A ética do cuidado, que também é uma ética poética, gera a fraternidade não só com o gênero humano, mas com a vida animal e vegetal, com os elementos e as coisas. Gera um pacto social do convívio e da solidariedade. Por isso Francisco de Assis, ao cuidar dos desamparados e da natureza como um bem precioso, pôde dizer: Irmão Sol e Imã Lua, Irmão Fogo e Irmã Água. A árvore da vida compartilha frutos e flores, alertando que o cuidado vem desde as entranhas da terra.
A semente é o núcleo da poética do cuidado. Compreende o cultivo das palavras e o cultivo de quem escreve. Um livro jamais te escusa de seres uma pessoa responsável pela colheita dos dias. Nessa eira, crescem, juntos, o joio com o trigo, ervas daninhas com ervas medicinais. Haverá luz e sombras. Tudo é muito misturado, como disse Guimarães Rosa. A ética do cuidado é escolha de vida. Destino é escolha.
O contrário do cuidado é o descaso, o abandono, a negligência, que geram a indiferença com toda a criação. Ser com o outro ou ser com os demais conjuga-se com o amor. O ágape de todas as religiões. Nem sempre ver é enxergar. E nem sempre enxergar é perceber. A primeira tarefa do cuidado é aprender a olhar até perceber a pessoa como única e só então, tê-la a seu cuidado.
A obsessão não é cuidado. Quem não tem cuidado perde a conexão com o universo. A Sinergia: cuidar de outrem começa com cuidar de si mesmo. Cuidar é coexistir: razão da cordialidade. Não um valor adjetivo que se agrega às pessoas ou às coisas, ou as submete, mas um valor substantivo.
O cuidado pressupõe zelo e responsabilidade. Mas os cuidados terão também desvelo, isto é, despreendimento, sabendo que aquele que está sob o cuidado não pertence ao cuidador. É hóspede do cuidado, deixando aberta a porta da morada provisória. Cuida-se para a vida. Ter cuidado é mais do que uma ação: é uma atitude de vida. E a atitude revela o rosto de nossa humanidade.
Certa vez, como defensora pública, quando ficamos sem sala para atender nossos assistidos, por mudança de localização do Juizado da Infância para o Fórum Central, fui informada de que: "aqui é para a administração da Justiça e não para a circulação de sua clientela". Trabalho esse apenas burocrático, sem o endereçado do serviço. Esqueceu-se da principal finalidade: a distribuição da Justiça.
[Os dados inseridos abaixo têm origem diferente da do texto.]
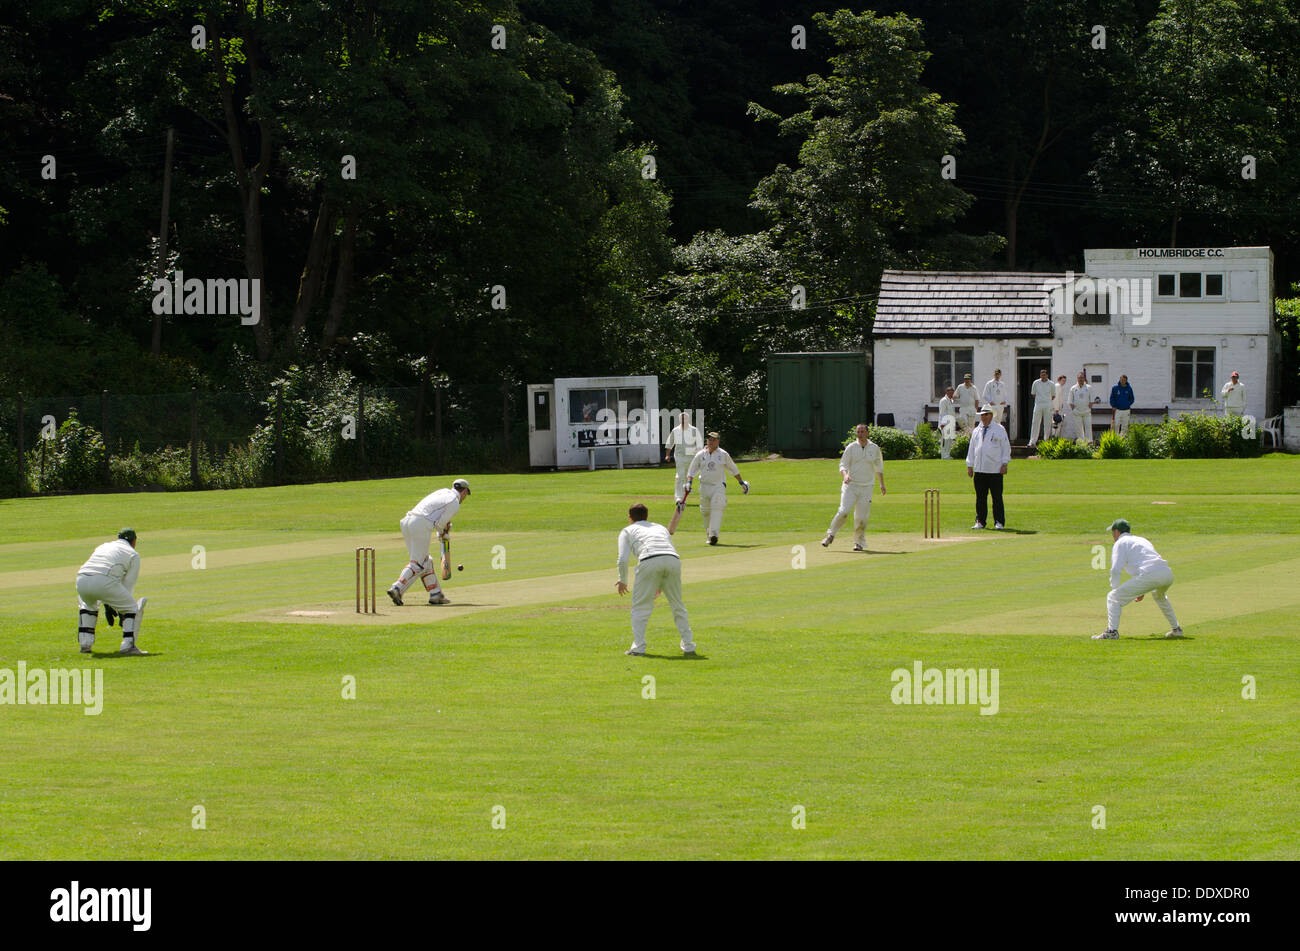 Aldea de escena en Holmbridge cricket Cricket Club en West Yorkshire, mostrando el clubhouse en el fondo Foto de stock

O acesso do pobre à Justiça é o mais belo poema social da ética do cuidado.
- Aqui é para a administração da Justiça e não para a circulação de sua clientela.
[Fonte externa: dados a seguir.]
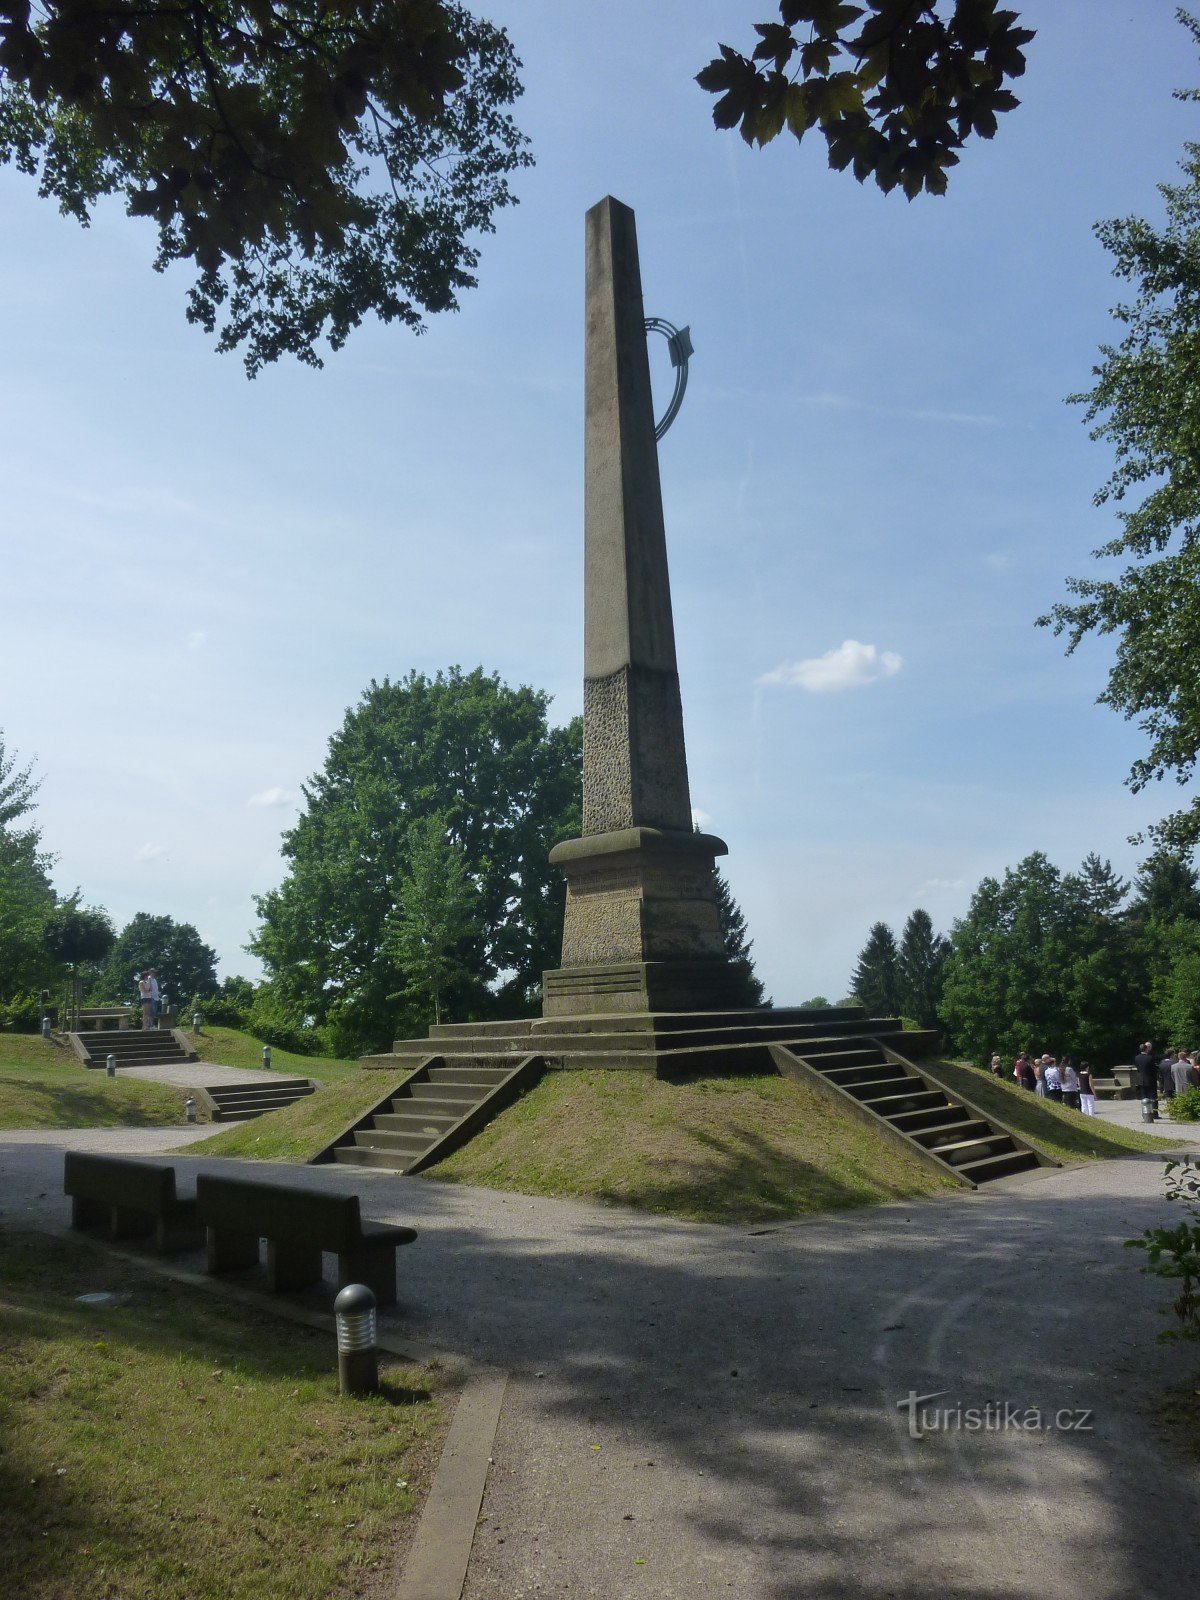 spomenik in park kipov sv. Gothard

Trabalho apenas burocrático. Esqueceu-se da principal finalidade: a distribuição da Justiça. O acesso do pobre à Justiça é o mais belo poema social da ética do cuidado.
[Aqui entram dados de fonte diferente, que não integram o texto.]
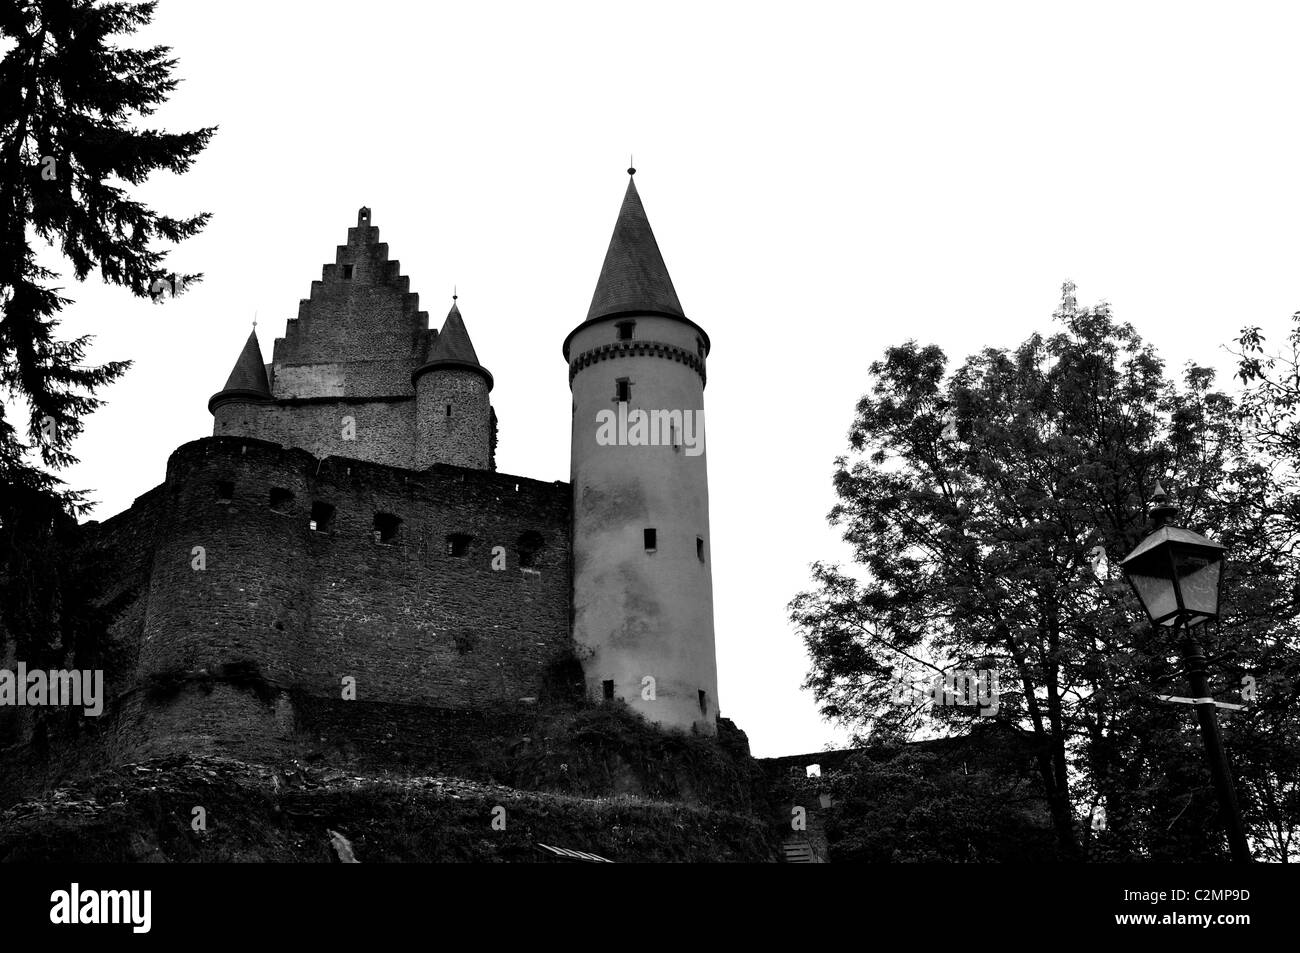 El castillo de Vianden, Luxemburgo Foto de stock

O mesmo ocorre com quem tem o múnus público de governar uma Nação. Ele e seus assessores formam uma equipe com o dever de zelar pelos interesses dos cidadãos da pátria comum, sob a ética comunitária. A res publica não é res nullius, objeto de usucapião da ganância sistêmica. A responsabilidade política é da essência do poder delegado. Ela vai contra ações ou omissões norteadas por ideologias predatórias. A vontade política tem soberania por expressar a vontade da sociedade civil organizada por uma Constituição. Os sujeitos constituintes nela expressam seus valores éticos e cívicos, rejeitando padrões culturais e sociais que não estão em consonância com o bem comum.
Também temos responsabilidade de ficarmos atentos. Segundo Imannuel Kant, "o sábio pode mudar de opinião. O ignorante nunca". E bem mais grave quando ele pensa tirar vantagem de nossa ignorância.